Scottish-born Northern Irish footballer

Marc Smyth (born 27 December 1982) is a Scottish-born Northern Irish former professional footballer who played as a defender. He is currently Head of Academy at Cliftonville after retiring.

==Career==

In his Scottish Football League career, Smyth (pronounced Smith) has also played for Ayr United, Partick Thistle and Airdrie United. Smyth started his career in Junior football with Ayrshire side Glenafton Athletic following a youth career with English side Blackpool where he won youth caps for Northern Ireland.
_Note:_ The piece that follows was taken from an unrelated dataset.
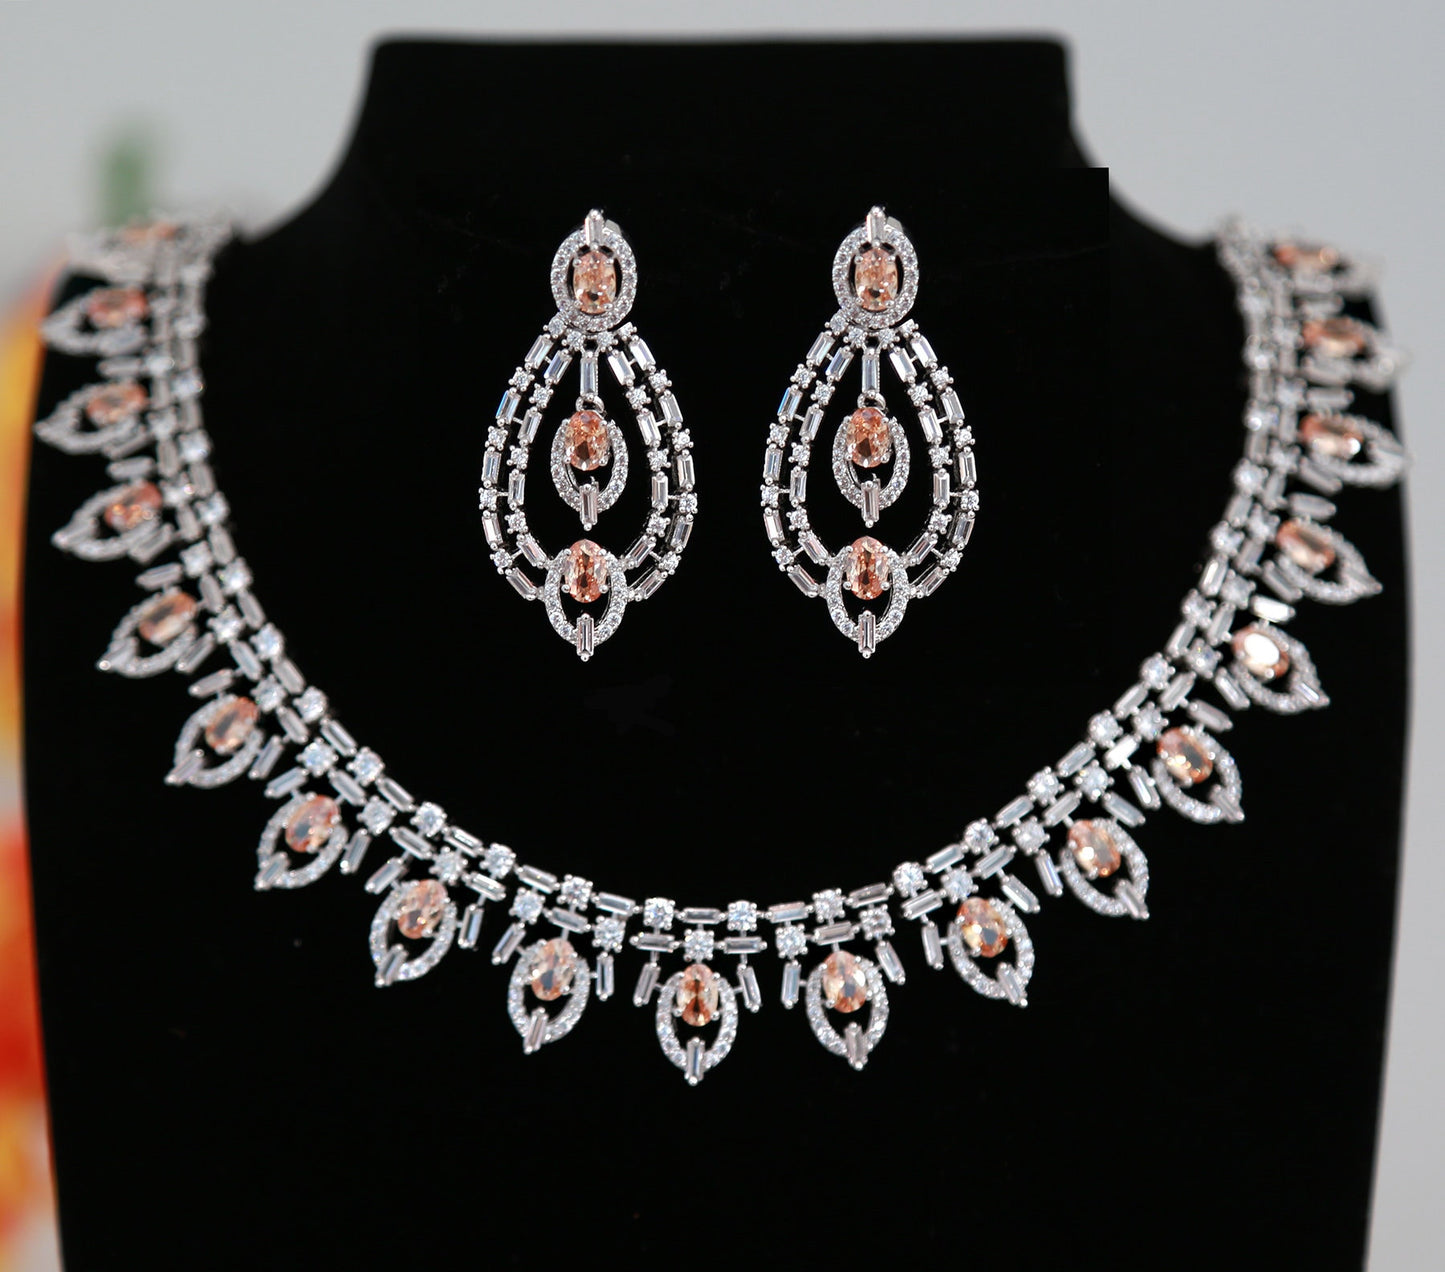 Silver Plated Emerald Crystal necklace | American diamond bridal necklace set |Bollywood Indian Pakistani AD necklace design |wedding set

Before moving into the professional game at the age of 19, Edinburgh-born Smyth played junior football with Ayrshire side Glenafton Athletic.

He then signed for played for Ayr United, before moving onto Partick Thistle and Airdrie United before signing with Greenock Morton in 2010.

In season 2008-09, he scored the winning penalty for Airdrie United in the 2008 Scottish Challenge Cup Final against Ross County, after a 2–2 draw.

Smyth signed for Greenock Morton at the start of the 2010–11 season, but was released in May 2012.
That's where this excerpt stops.